While Big Tree has five clinics in Missouri where patients can be seen in-person if needed, their clinics in 40 other states are virtual, with nurse practitioners seeing patients via video or answering questions via text. “What we like to say is virtual care isn’t fundamentally better or worse than in-person—it’s different,” Wheeler says. “It provides better, quicker access but there are some things you need in-person for.”

THE PACKAGE DEAL

Another feature of Big Tree Medical Home is its in-house pharmacy. Through most of the membership plans, patients can get generic prescription medications for either free or wholesale costs. Employers have the option to bundle Big Tree coverage with dental, vision, and other specialist plans to provide complete coverage.

A primary care solution that’s a fraction of the cost of more traditional care, has access to affordable prescriptions and easier care—why isn’t every company using Big Tree? “Our biggest challenge is helping employers think about health care outside of the box,” Wheeler says.

While traditional health insurance plans have been rising in costs every year, ultimately the human resources employee responsible for deciding the coverage isn’t responsible for the balance due.

“It’s the same if they have an easy-for-them but expensive-for-company solution or a hard-for-them—in that it’s different—but less-expensive-for-the-company solution,” he says. “Even though there is published research that something like Big Tree as part of a health plan will lower costs by 20%.”

TAKING THE GAMBLE

Wheeler says it can be difficult to convince businesses to try Big Tree, but once they sign up, there is a high retention rate.
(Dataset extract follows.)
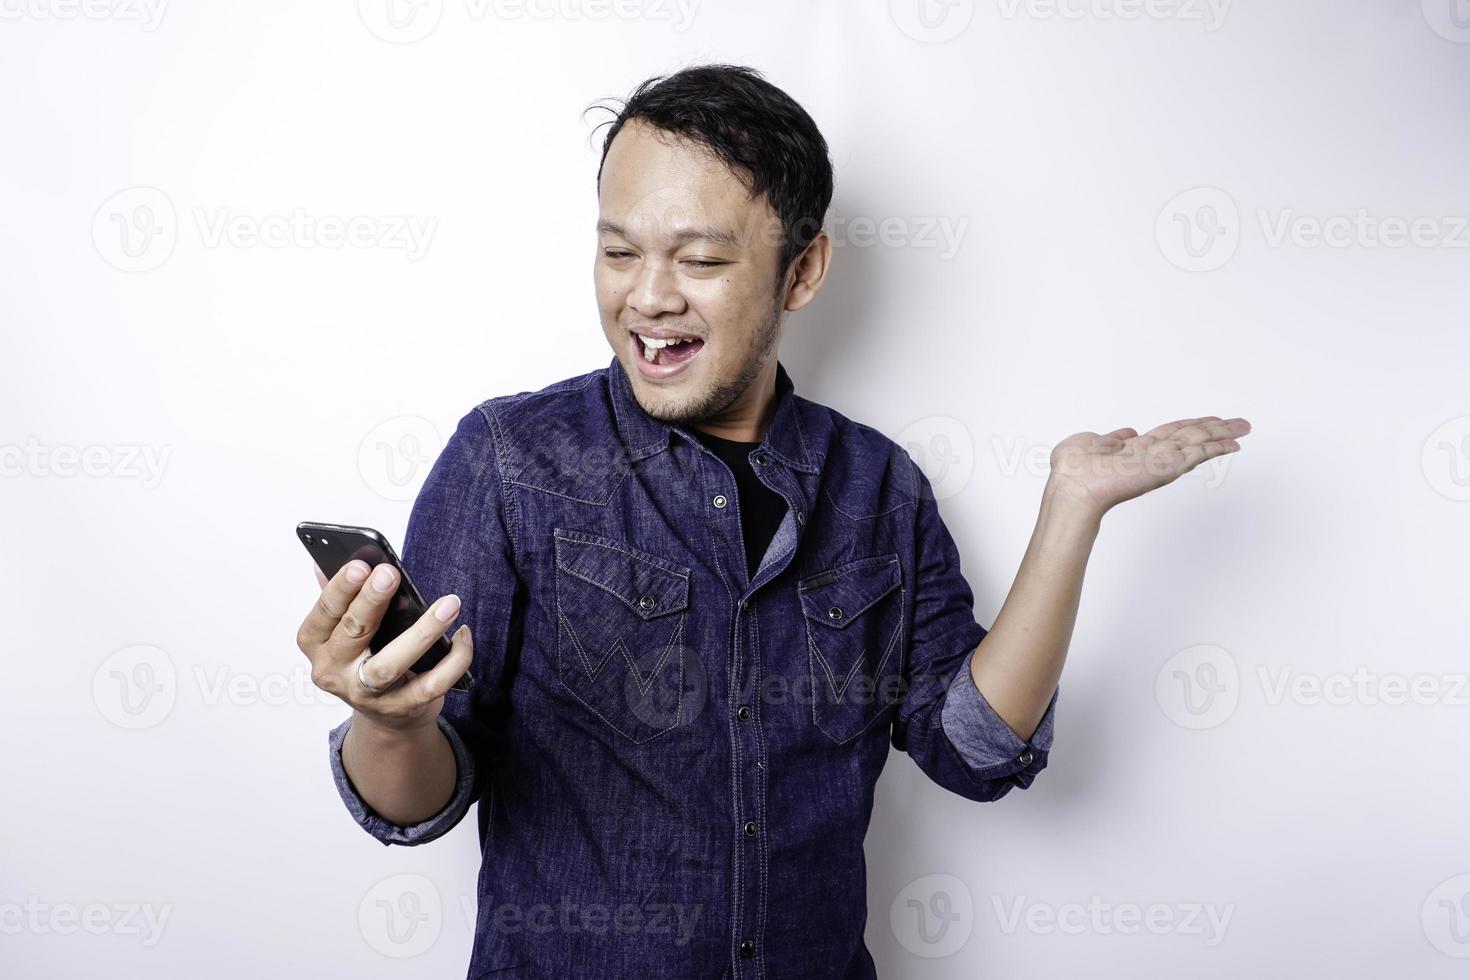 homem asiático animado vestindo camisa azul apontando para o espaço da cópia ao lado dele enquanto segura o telefone, isolado pelo fundo branco foto

While they also measure the standard metrics such as net promoter score and other surveys, the biggest goal is patients renewing their monthly plans.
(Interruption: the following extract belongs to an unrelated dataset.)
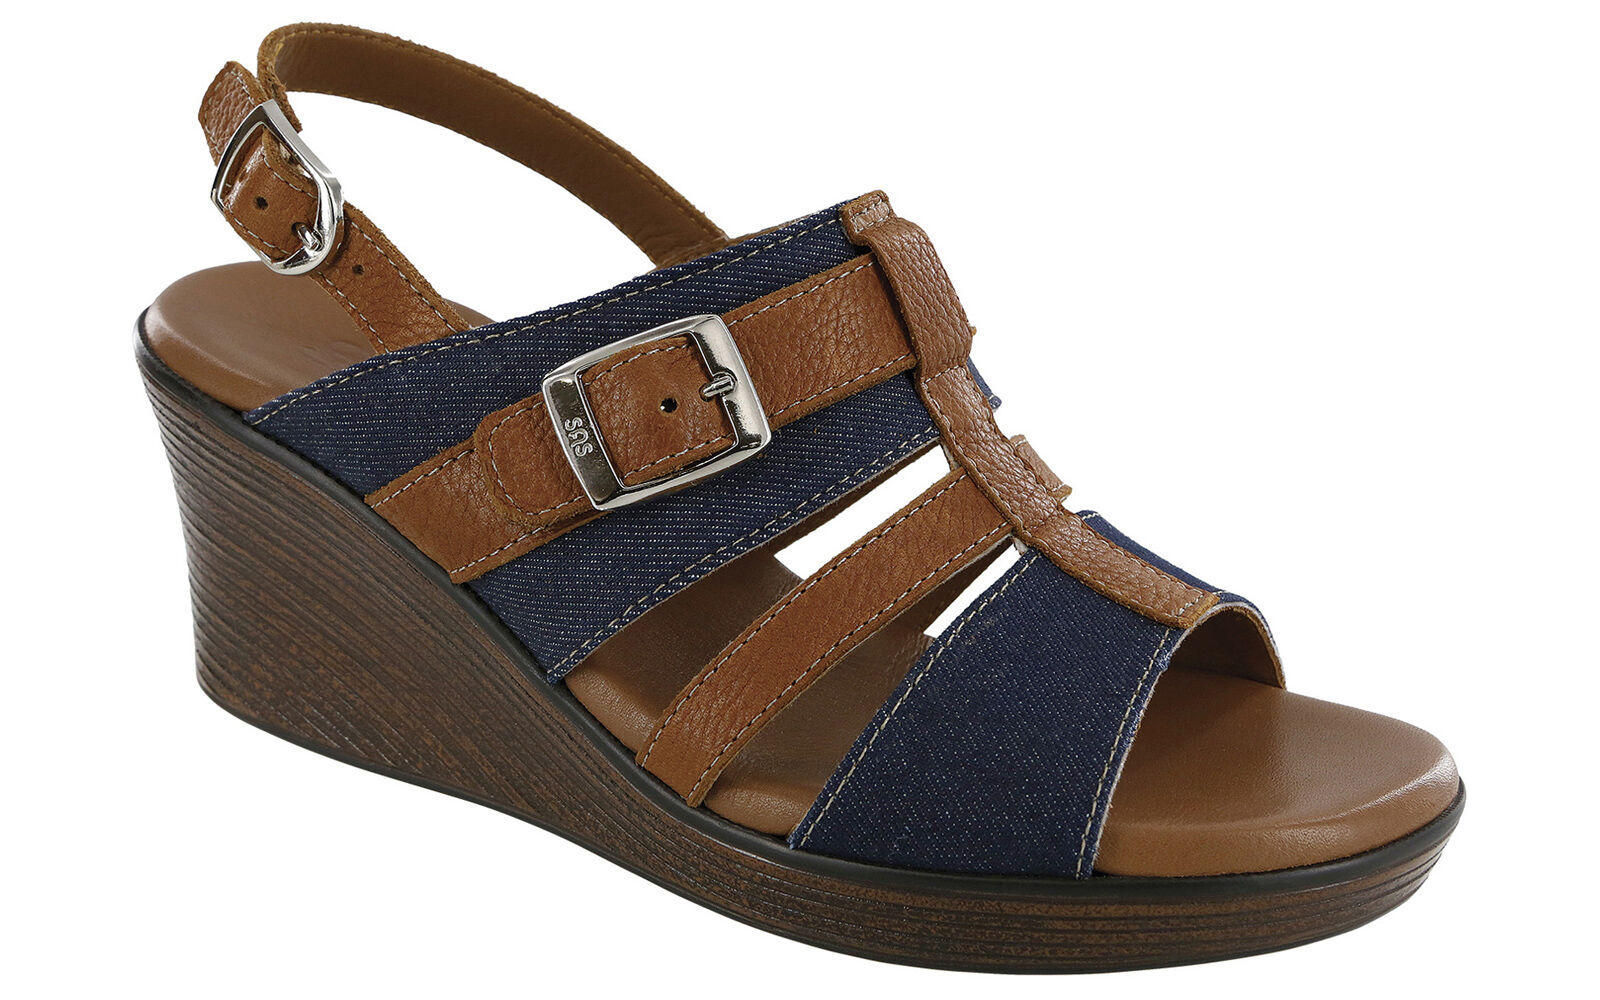 Buy > t strap wedge sandal > in stock

“We are a monthly payment that the patient has no commitment to—they have to continue to want to participate and that’s how we want it,” he continues.

Wood haven, a Columbia-based company that provides support to adults with disabilities, has seen a savings of $750,000 since switching to Big Tree as their employee health plan. Dan Soliday, the chief executive officer of Woodhaven, says with Big Tree as their employee benefit, they’ve gotten nothing but great feedback from employees.

“Before Big Tree, we kept having to raise the staff portion of insurance to a point where staff were then leaving,” he says. “Working with Big Tree not only saved our organization and staff money, but our employees also get better service.”

In terms of funding expansion, Big Tree has looked into venture funding and private equity, Wheeler says, but instead depends on the profits from its existing clinics. “In our experience, the organizations that provide funding have a tough time grasping our model,” he says. “We haven’t met a partner who is interested in expanding primary care in the way that we are.

“Our goal is how low can we get our prices, and then we are going to apply that to everybody.”